Hacker News new | past | comments | ask | show | jobs | submit | mohsen1's comments login

A ball costs 5 cents more than a bat. Price of a ball and a bat is $1.10. Sally has 20 dollars. She stole a few balls and bats. How many balls and how many bats she has?

All LLMs I tried miss the point that she stole things and not bought them


gemini 2.5 give following response.

Conclusion:

We can determine the price of a single ball ($0.575) and a single bat ($0.525). However, we cannot determine how many balls and bats Sally has because the information "a few" is too vague, and the fact she stole them means her $20 wasn't used for the transaction described.


Google Gemini (2.0 Flash, free online version) handled this rather okay; it gave me an arguably unneccessary calculation of the individual prices of ball and bat, but then ended with "However with the information given, we can't determine exactly how many balls and bats Sally stole. The fact that she has $20 tells us she could have stolen some, but we don't know how many she did steal." While "the fact that she has $20" has no bearing on this - and the model seems to wrongly imply that it does - the fact that we have insufficient information to determine an answer is correct, and the model got the answer essentially right.

Grok 3.0 wasn’t fooled on this one, either:

Final Answer: The problem does not provide enough information to determine the exact number of balls and bats Sally has. She stole some unknown number of balls and bats, and the prices are $0.575 per ball and $0.525 per bat.

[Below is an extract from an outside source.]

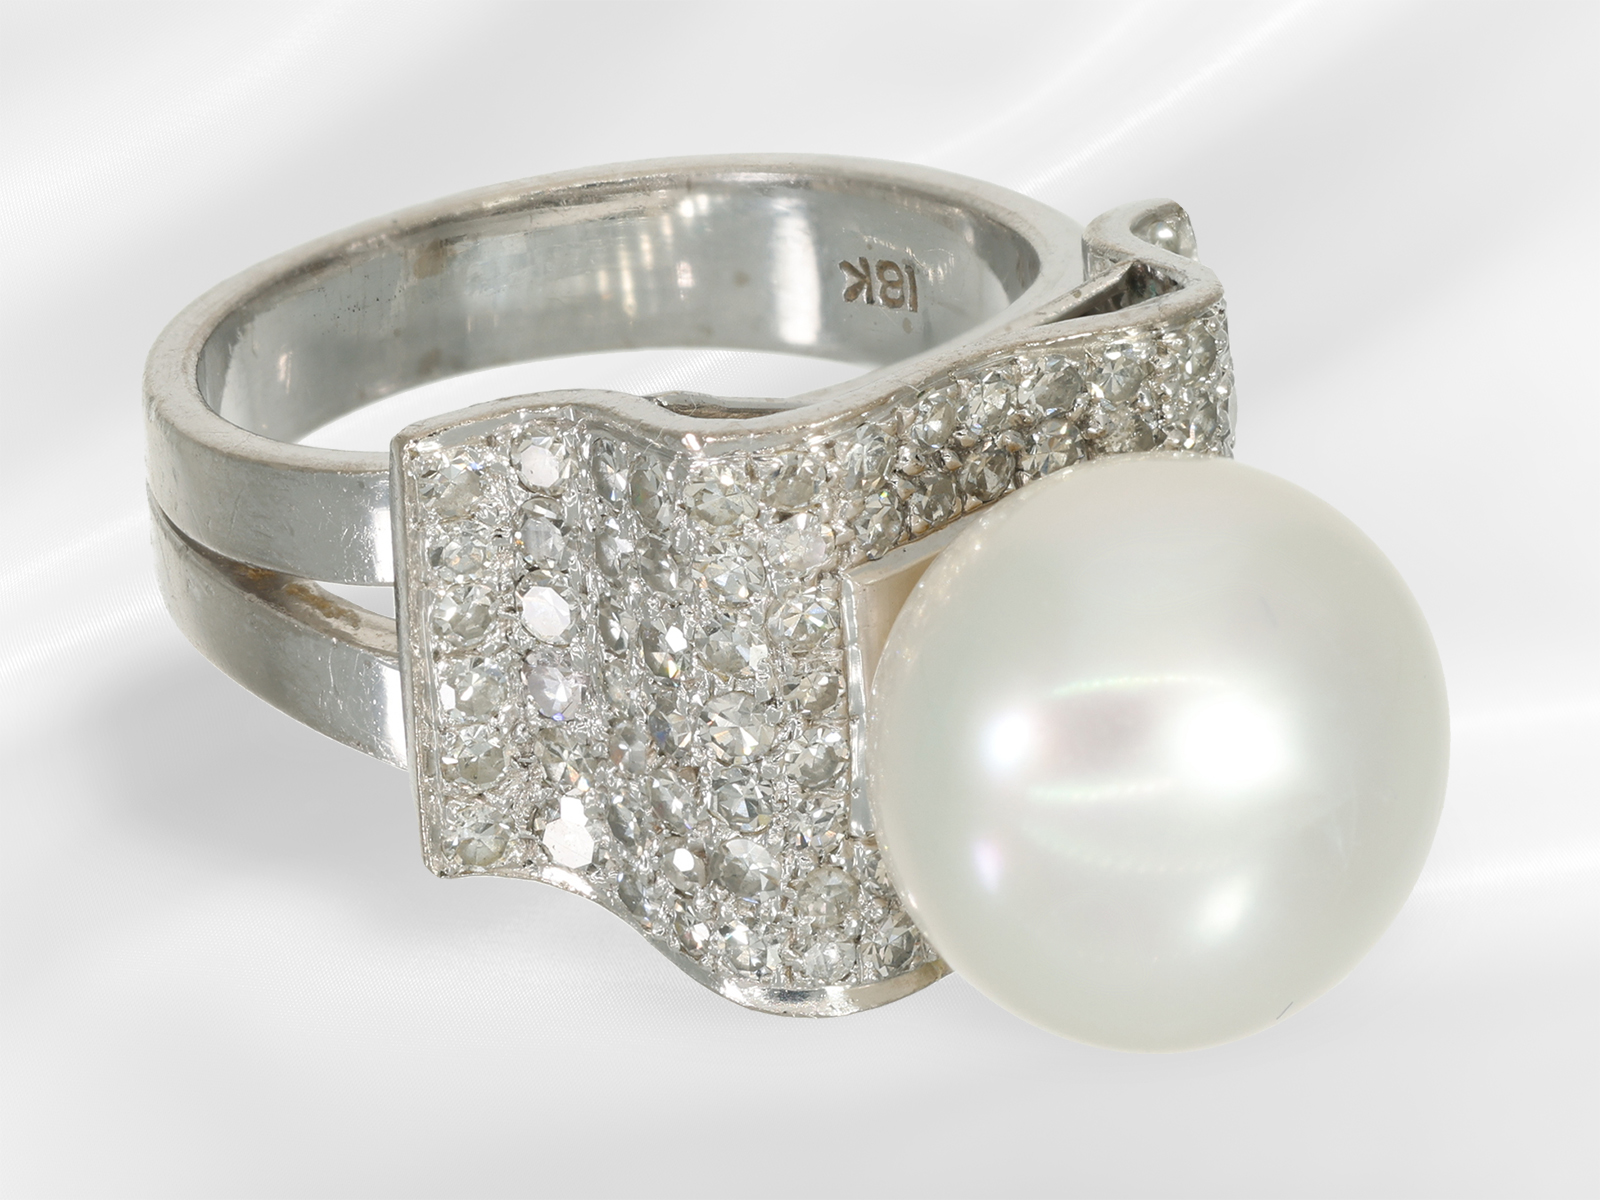 Ring: unusual and interestingly crafted 18k white gold ring with South Sea pearl and diamonds - Image 6 of 6
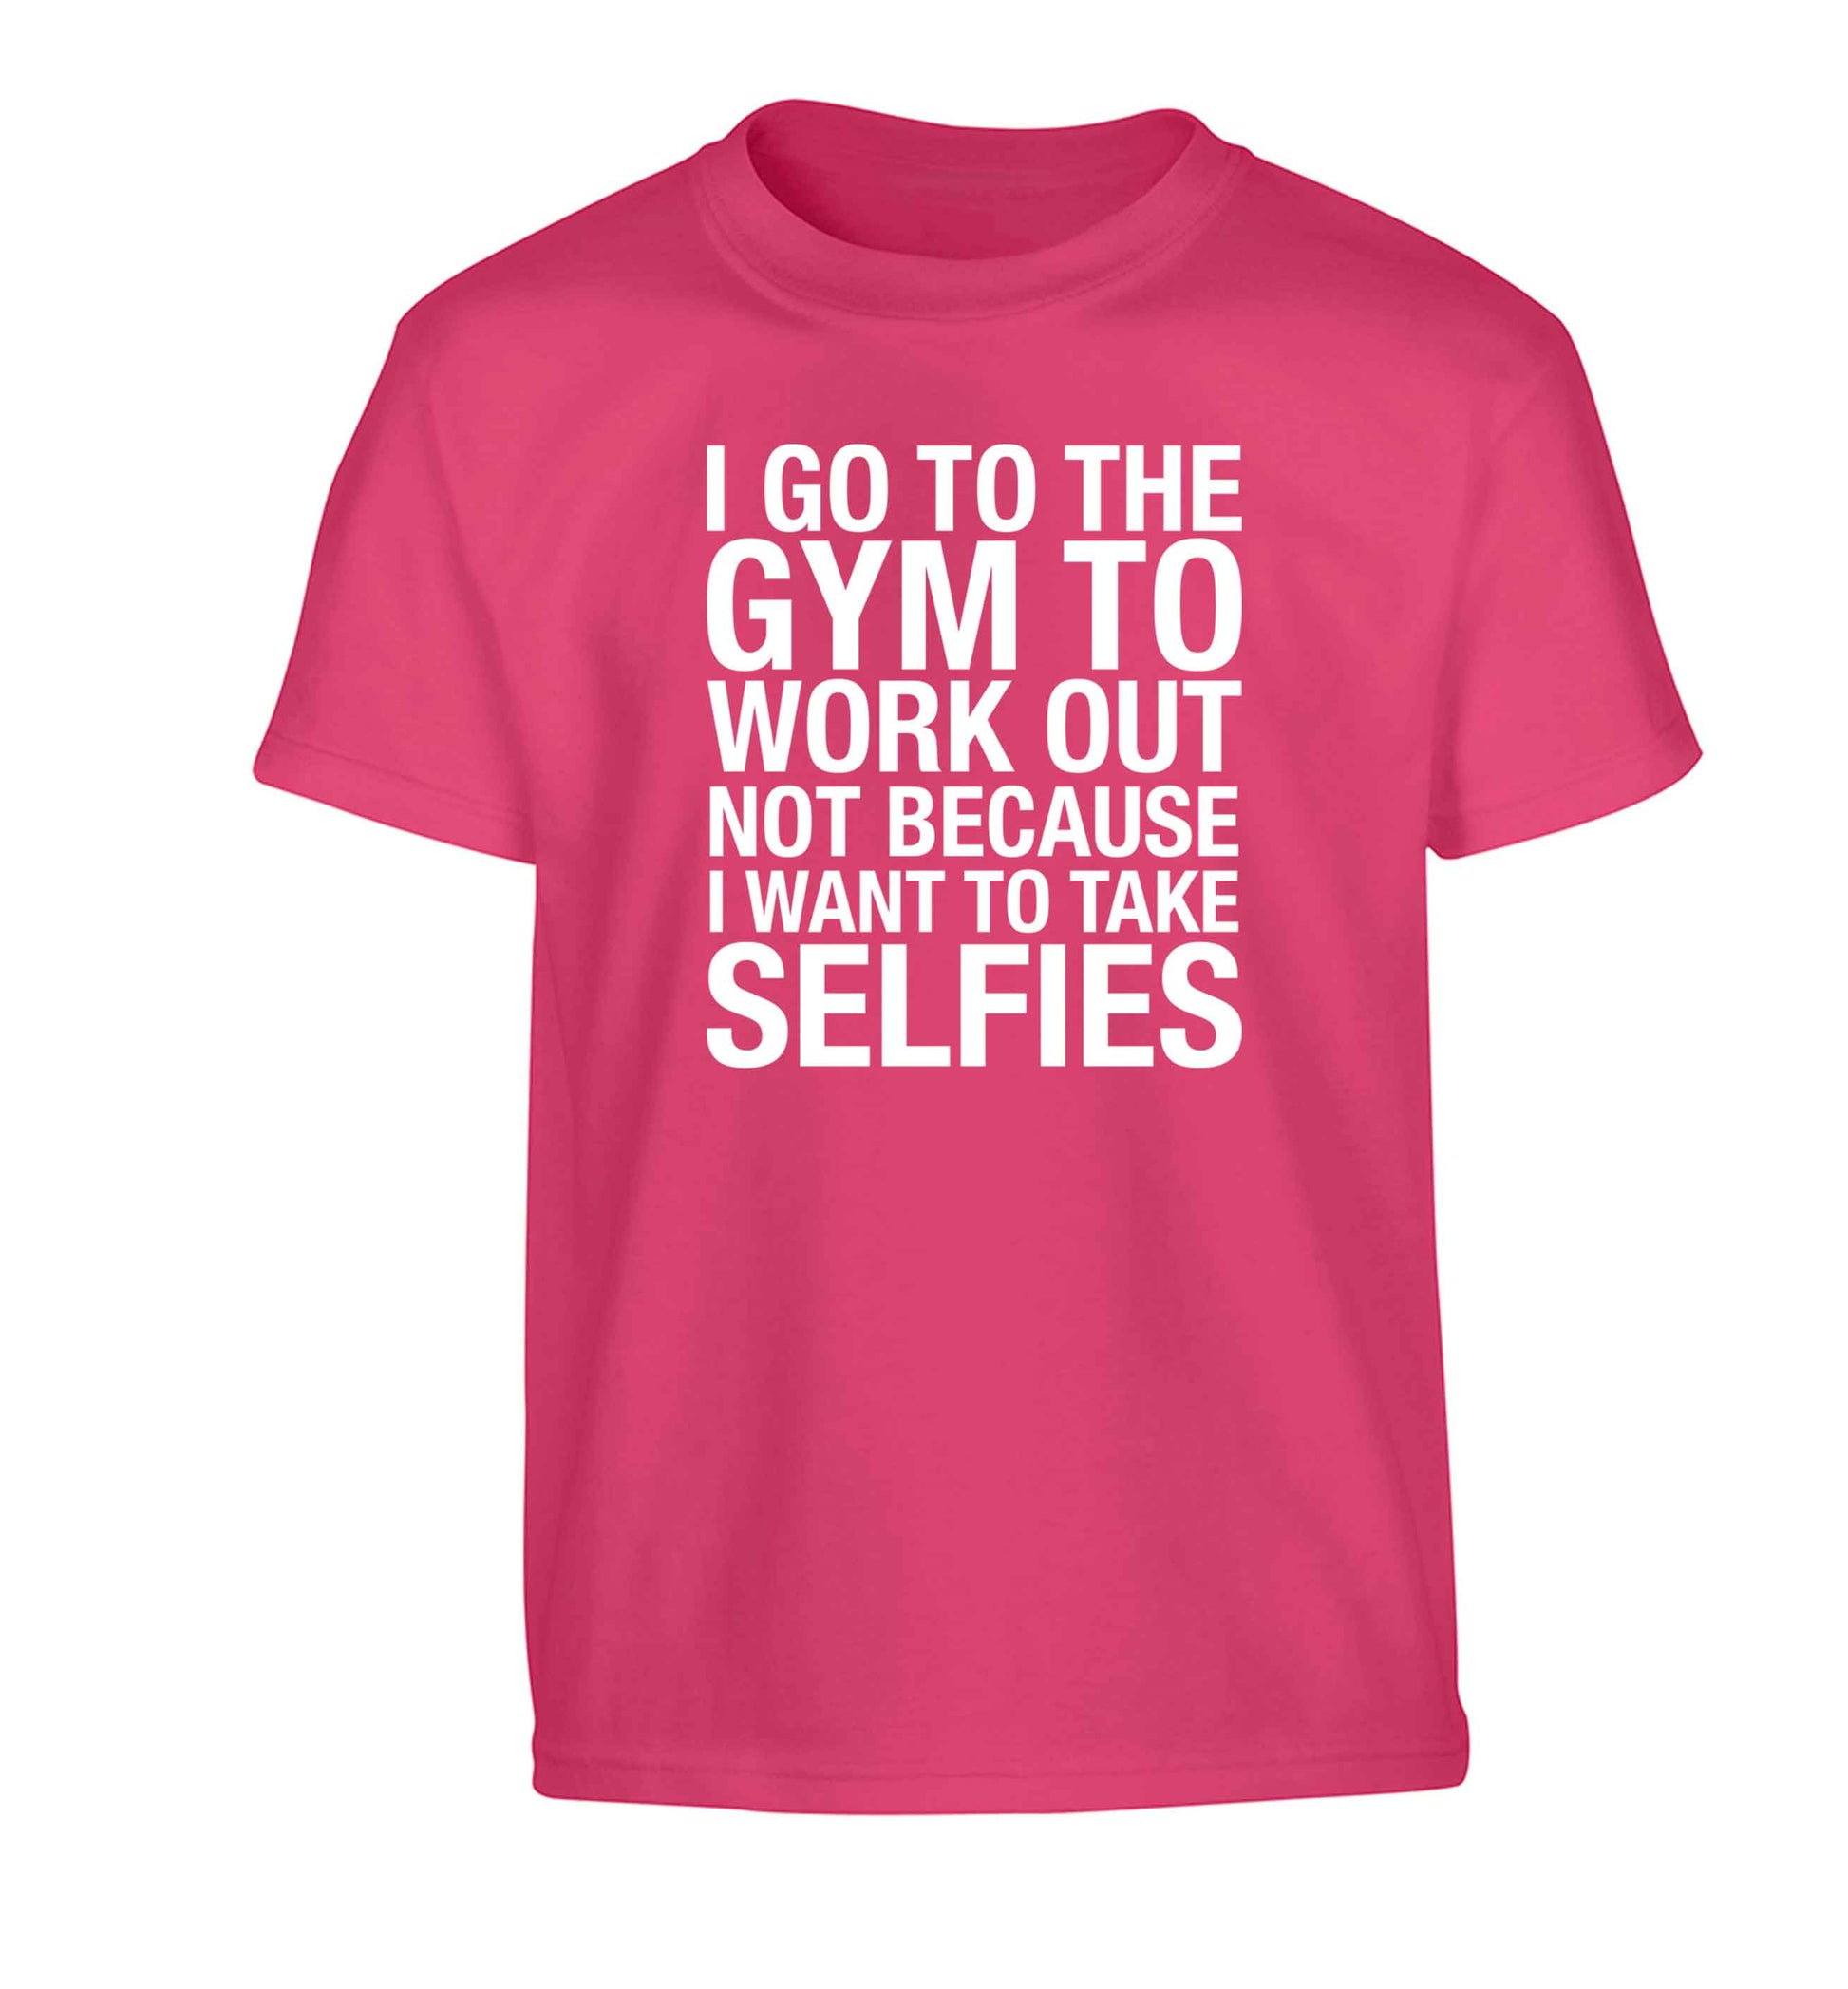 I go to the gym to workout not to take selfies Children's pink Tshirt 12-13 Years

There's a repo out there called "misguided attention" that tracks this kind of problems.

It's interesting to me that the answers showing "correct" answers from current models still don't strike me as correct. The question is unanswerable, but not only because we don't know how many balls and bats she stole. We don't know that she had any intention of maxing out what she could buy with that much money. We have no idea how long she has been alive and accumulating bats and balls at various prices that don't match the current prices with money she no longer has. We have no idea how many balls and bats her parents gave her 30 years ago that she still has stuffed in a box in her attic somewhere.

Even the simplest possible version of this question, assuming she started with nothing, spent as much money as she was able to, and stole nothing, doesn't have an answer, because she could have bought anything from all bats and no balls to all balls and no bats and anything in between. We could enumerate all possible answers but we can't know which she actually did.


1-4 balls and bats // HoMM 3

lol, nice way to circumvent the attention algorithm

I’ve had the opposite experience from some of the skepticism in this thread—I’ve been massively productive with LLMs. But the key is not jumping straight into code generation.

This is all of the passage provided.